Authors: Erich Maria Remarque
Tags: #World War I, #World War; 1914-1918, #German, #Fiction, #Literary, #Literary Criticism, #Historical, #War & Military, #Military, #European, #History
"May we have a drink of water, anyway?" Albert calls after her. She turns round ungraciously and pours us out one glass.
"Now, be off! I haven't time to waste standing about," she snaps. "You ought to be at work instead of stealing other people's time."
Albert takes the glass from her and smashes it down oa the floor. He is speechless with rage. So I speak for him. "May you get cancer, you old slut!" I roar. But now the woman turns on us and lets fly, hammer and tongs, like a tinsmith in full swing. We take to our heels. The strongest man could not stand up to that.

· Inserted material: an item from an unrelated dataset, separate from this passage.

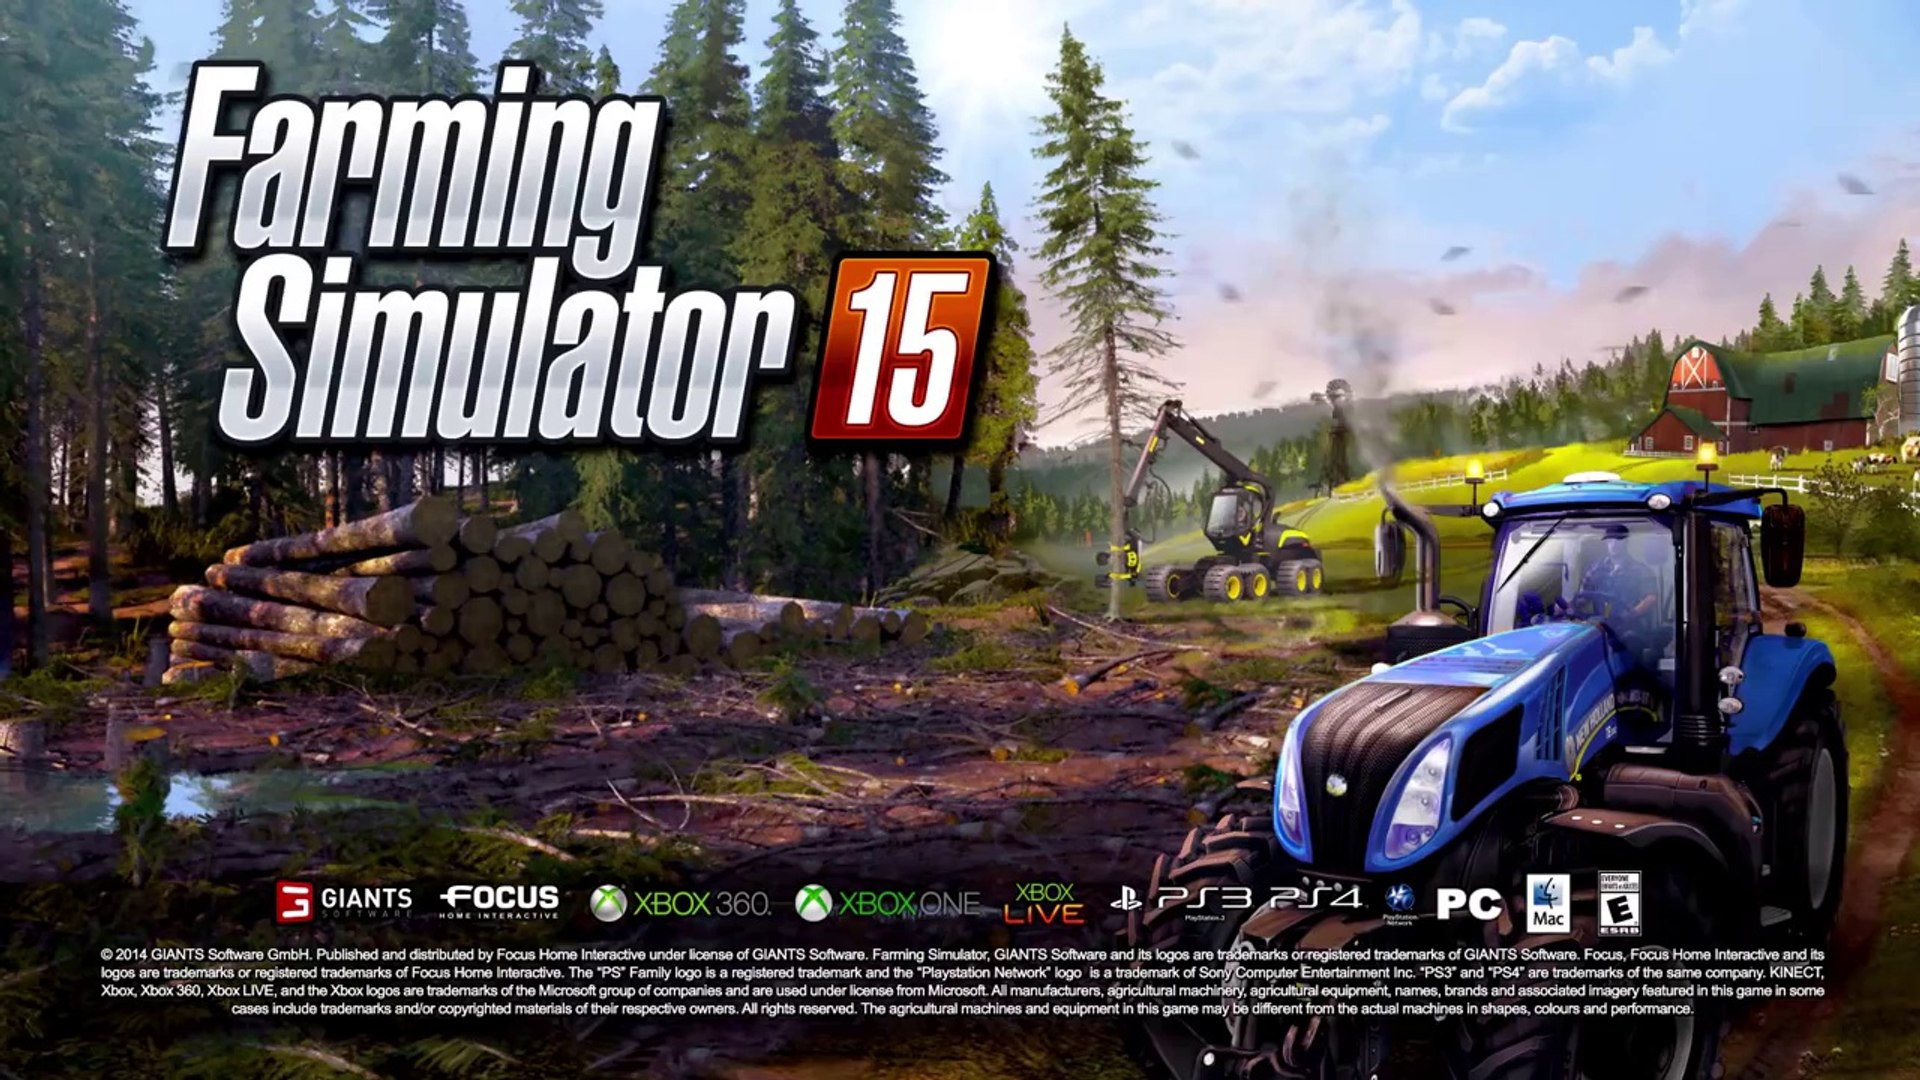 Farming simulator gold. Farming Simulator 15 Xbox 360. Farming Simulator 15 ps3. Farming Simulator 15 ps3 сохранения. Фермер симулятор 15 на хбокс 360 коды.

We trudge on. As we go we meet whole hordes of scroungers. They circle about the farmsteads like hungry wasps round a piece of plum-tart. We begin to see now how the farmers must be driven almost mad by it, and why they become so abusive. But we persist all the same, get fired out here, perhaps score something there, are cursed by other foragers and curse again in return.
During the afternoon we all foregather at the pub. Our booty is not much—a few pounds of potatoes, some meal, a few eggs, apples, a couple of head of cabbage and some meat. Only Willy is sweating. He comes in last of all with half a pig's head under his arm. Other packages are bulging from his pockets. But as against that, he no longer has any greatcoat. He has exchanged it, because he has another at home that Karl gave him, and then, he thinks that after all Spring must come again sometime.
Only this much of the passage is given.